Now tell me how can they see ? some animals and not all, what's the difference ???
visuja
Nature, I guess these animals would have more senstive 'rods' and 'cones' in their eyes, which are more adept at picking up light of lower intensity than humans can. Hence, what appears as darkness to us isnt probably really dark. Im sure these animals too wont be able to see anything in absolutely pitch black darkness.

What we see in the cats' eyes is probably the light relected off their lenses / vitreous humor (I assume). Nearly blind animals, like bats, obviously depend on other forms of 'sight' (echo location in this case) to 'see'.
YaarMere
QUOTE(NATURE @ Sep 22 2005, 03:00 AM) *

It became necessary to reply ... neither the former nor the later ( From yr 2 options )



I noticed you missed out option 3.
NATURE
Oph ho ... aap to bahut sayaanaa ho. Aur haa pakaate bhi ho sunglasses2.gif ... I missed all the options. But yeah,
I would like to choose yr 3rd option ... but that is partially true, I wanted a Topic of Sawaal - Jawaab
( Questioning - Answering )
But not by my own ... Is that not clear ??? I think u don't want to come to the Point .... Better delete this Topic ...
Can u do that ?
AzgarKhan
How do animals see in the dark?

IPB Image

After the emergence of vertebrates from the water some 300 million years ago, the evolving landscape became more and more crowded with large herbivores and predators. However, a rich ecological niche remained available to competitors with the right adaptations — the abilities to find food and avoid predators at night. Although mammals first evolved over 200 million years ago, the majority of them remained primarily nocturnal until the demise of their major predators, the dinosaurs about 65 million years ago. After that, new ecological niches became available in the light of day. Then the modern complement of both diurnal and nocturnal mammals evolved.

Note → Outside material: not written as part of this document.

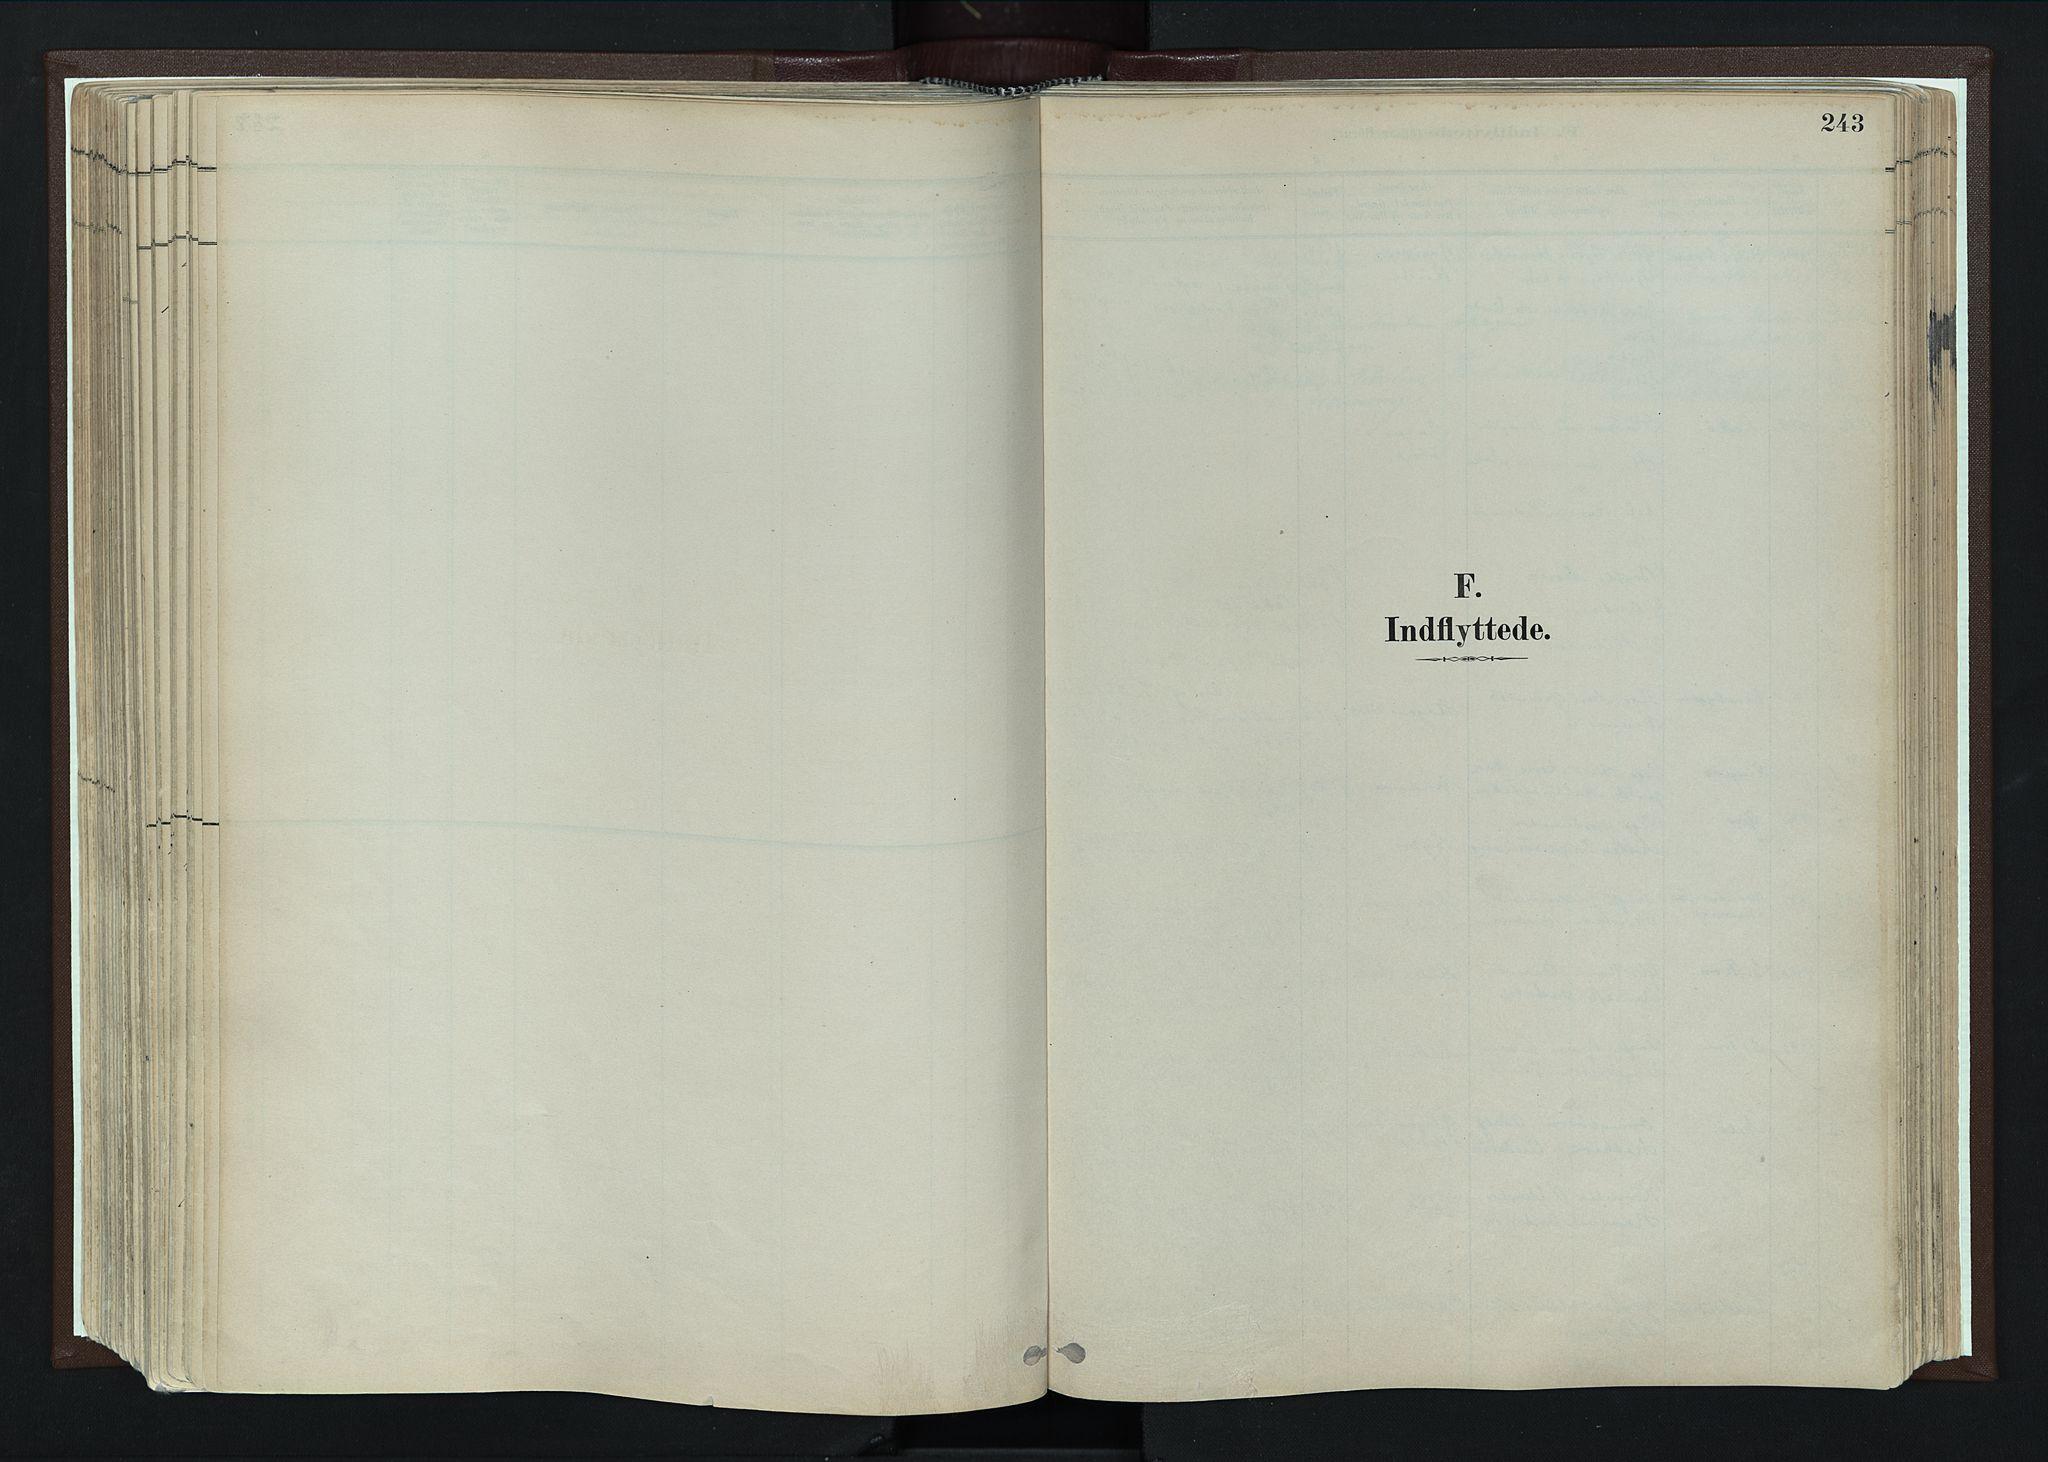 SAH, Nord-Fron prestekontor, Ministerialbok nr. 4, 1884-1914, s. 243

In order to survive at night, these animals had to find food in the dark. Some developed a highly-advanced senses of smell or specialized hearing abilities such as echolocation. Others acquired eye adaptations for improved night vision


Big Eyes

The most notable feature of nocturnal animals is the size of their eyes. Large eyes, with a wider pupil, larger lens and increased retinal surface can collect more ambient light. For example, an owl's eyes fill over one half its skull. Likewise, some species have evolved tubular eyes as a means of increasing their size. By expanding the eyes in this way, they are very tightly fit in the socket. As such, many nocturnal animals cannot move their eyes within the orbit. Instead, they have evolved extraordinary rotational ability in the neck. Owls, for example, can rotate their neck through 270°.


IPB Image
Some animals of the night have acquired a spherical lens and widened cornea to compensate for reduced eye movement. A spherical lens projects an equally clear image regardless of the light's incoming direction. This combined with a wide cornea effectively increases the animals field of view allowing the head and eyes to remain motionless.
IPB Image Packed With Rods:

The retina of nocturnal animals is almost entirely composed of rods. The other type of vision cells, cones, is absent or almost absent, leaving nocturnal animals with virtually no color vision. The photosensitive pigment inside the rods, rhodopsin, is particularly sensitive to low levels of light. During the day, in a daylight adapted eye, the rhodopsin breaks down so rapidly, it is ineffective for visual perception. At night-time, in the rod-rich eyes of dark-adapted animals, rhodopsin is created faster than it breaks down. Therefore, the threshold of light needed to stimulate the eye is reduced. It is just a minute fraction of the light needed to activate a cone cell for vision during the day.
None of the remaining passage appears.